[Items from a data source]
━━━━━━━━━━━━━━━━━━━━━━━━━━━━━━

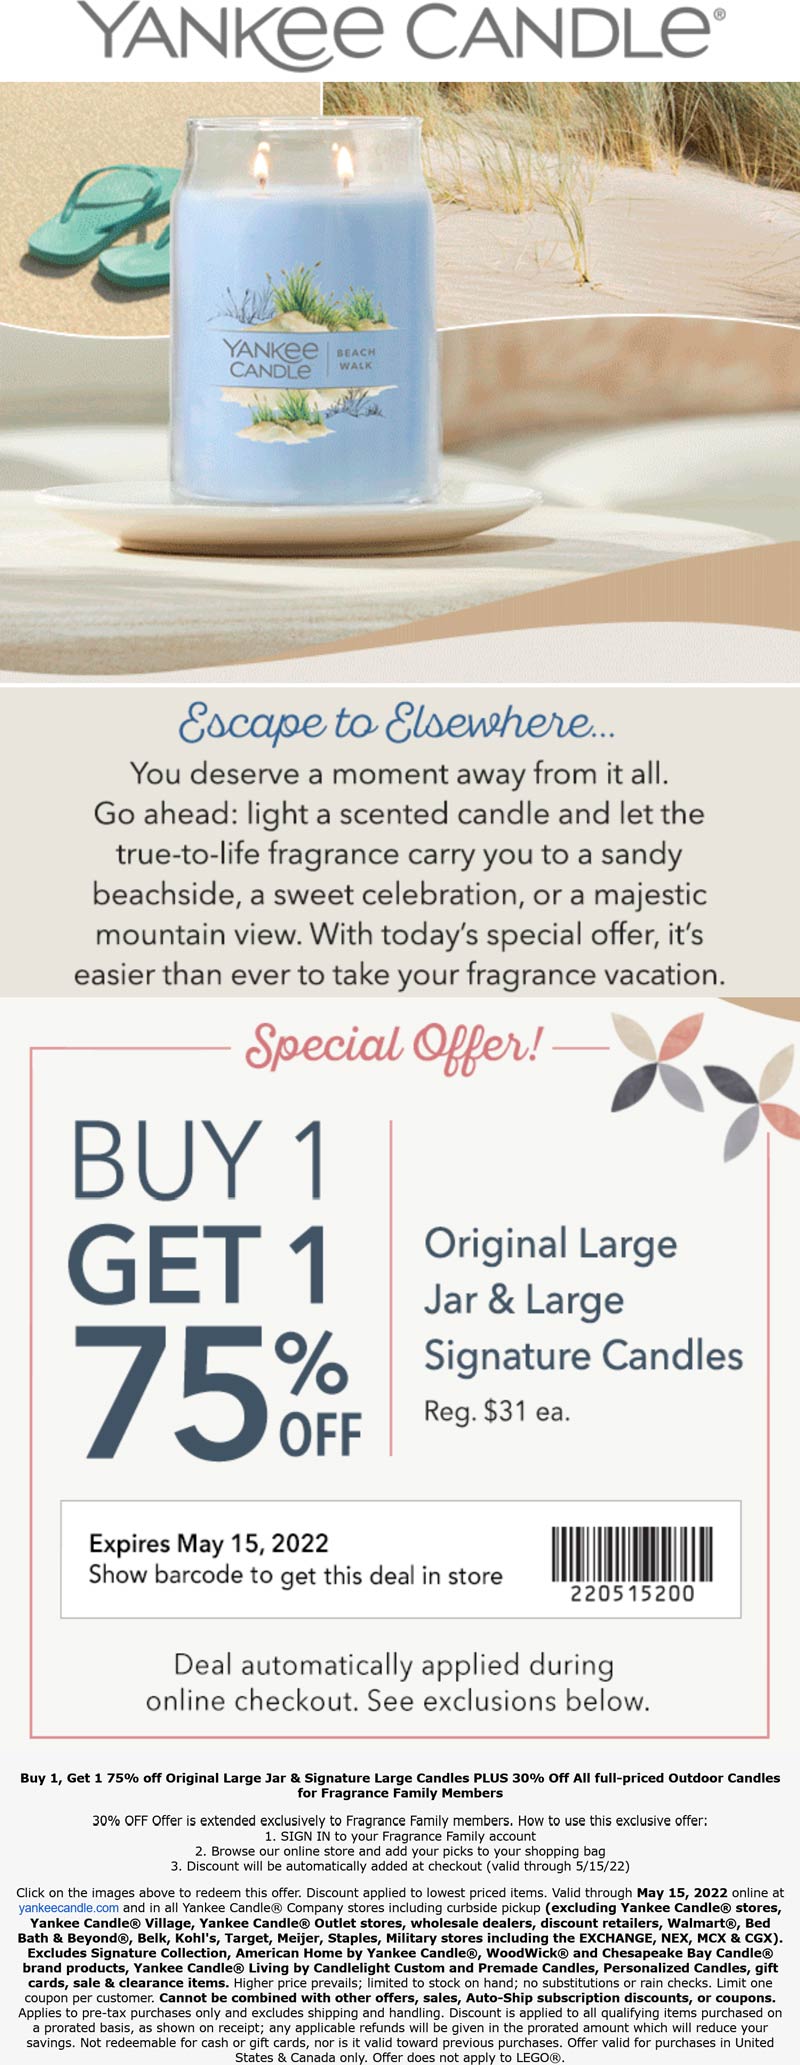 Yankee Candle coupons & promo code for [July 2022]
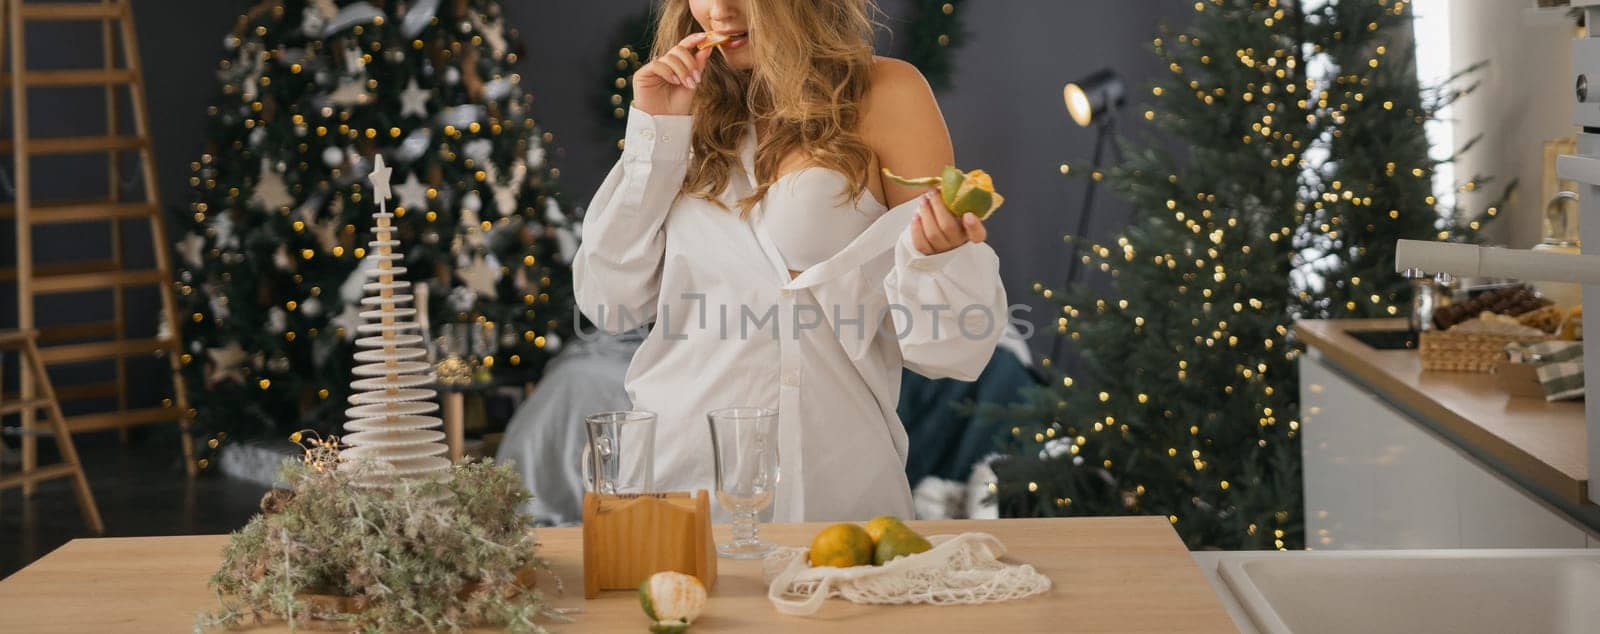 Woman Kitchen Christmas decor in white shirt, peeling tangerines. Illustrating New Year's mood holiday preparations.
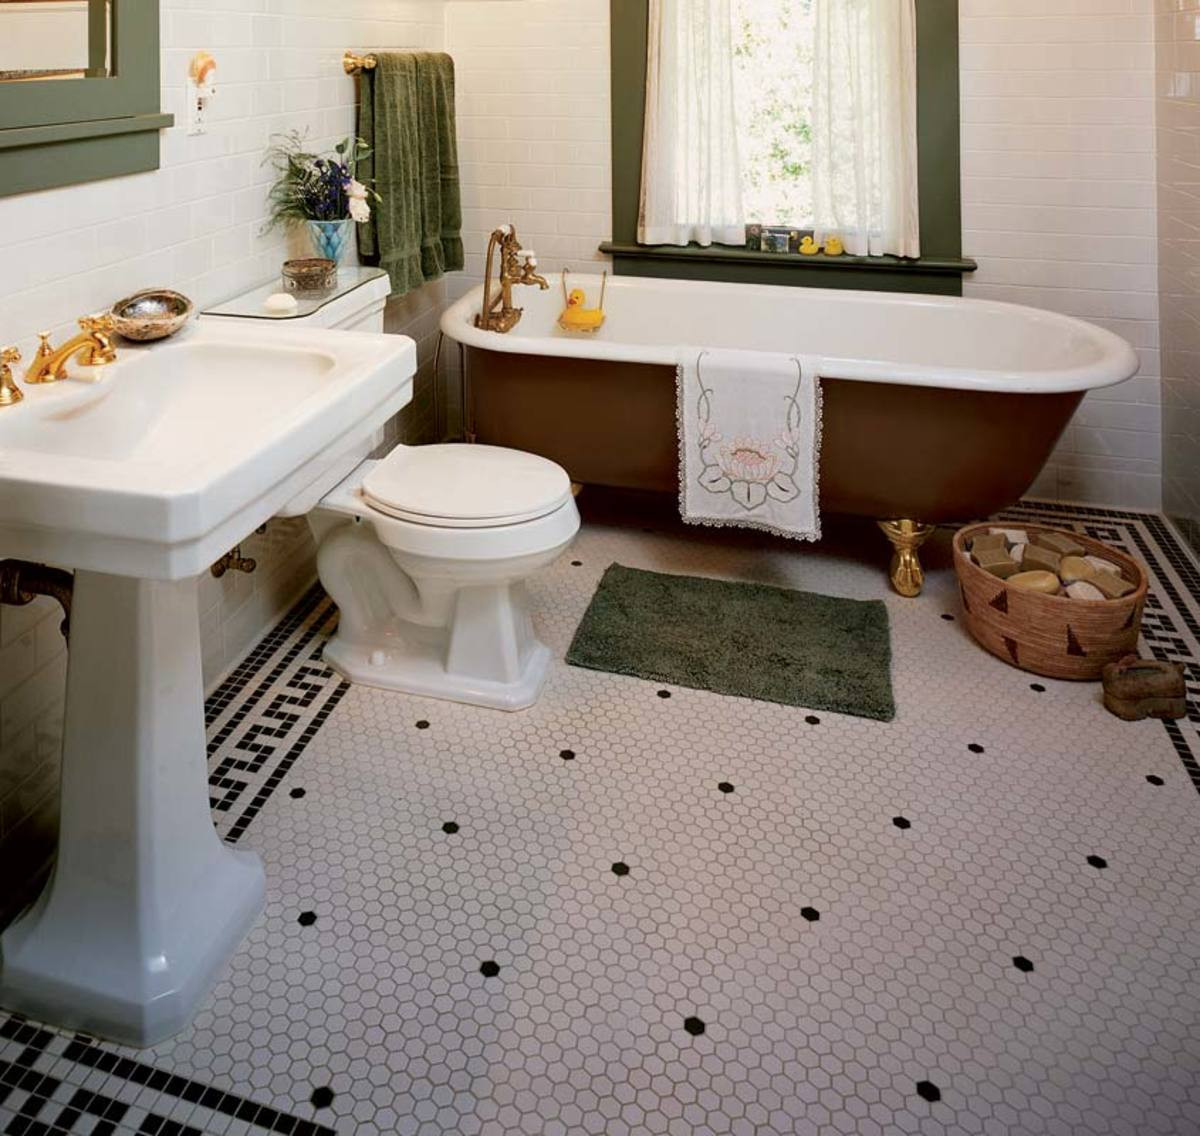 Hexagon Tiles Bathroom
 The Floor is a Key to Style Arts & Crafts Homes and the
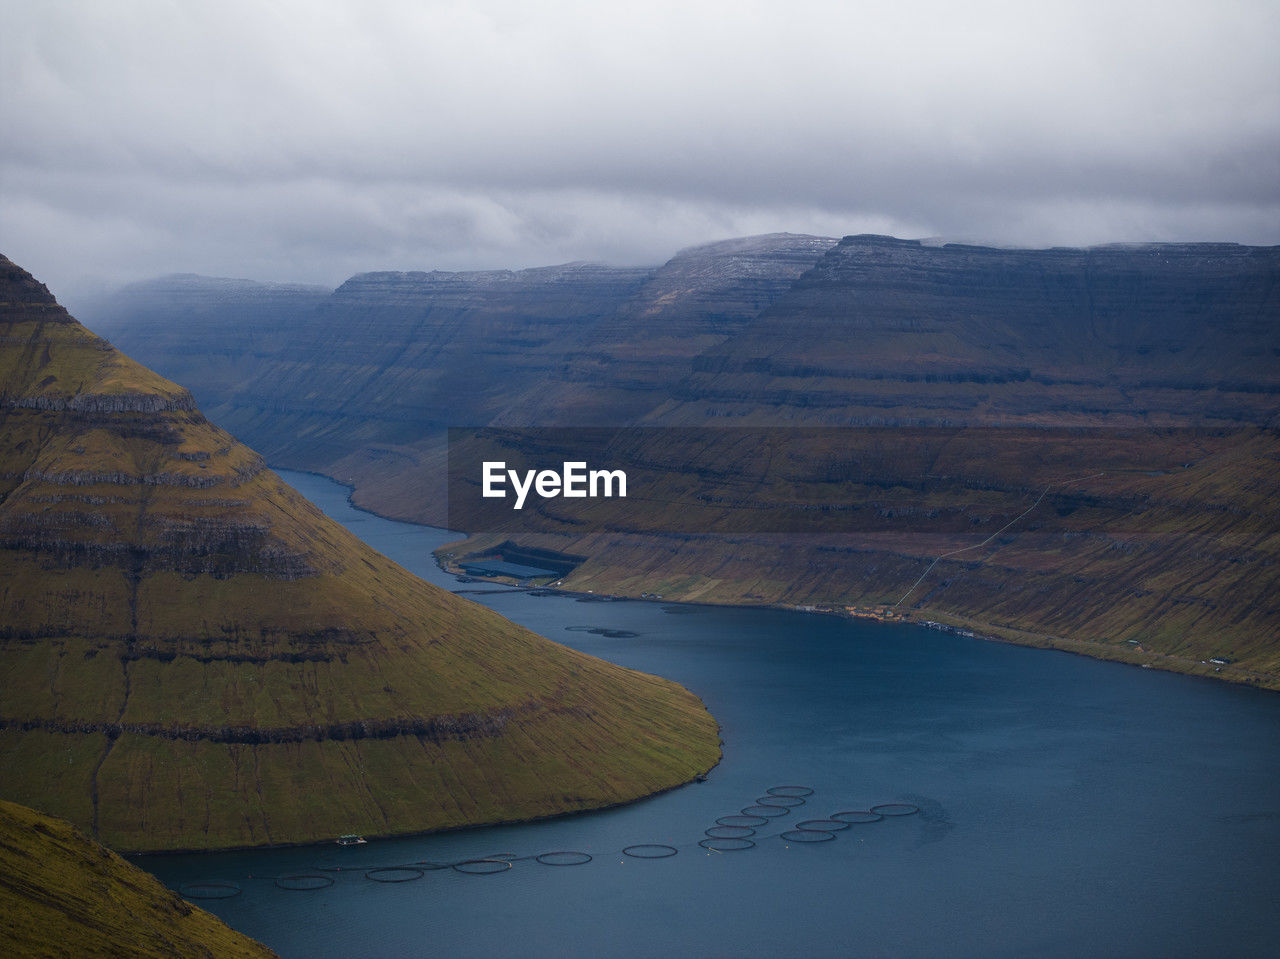 The fjords of the faroe islands on a gloomy day

━━━━━━━━━━━━━━━━━━━━━━━━━━━━━━

■ **The task**
Set down nothing but the lines from the one containing "Woman Kitchen Christmas" to the final line above, both included, with every picture left out.

■ **Result for this exercise**
 Woman Kitchen Christmas decor in white shirt, peeling tangerines. Illustrating New Year's mood holiday preparations.
 Hexagon Tiles Bathroom
 The Floor is a Key to Style Arts & Crafts Homes and the
 The fjords of the faroe islands on a gloomy day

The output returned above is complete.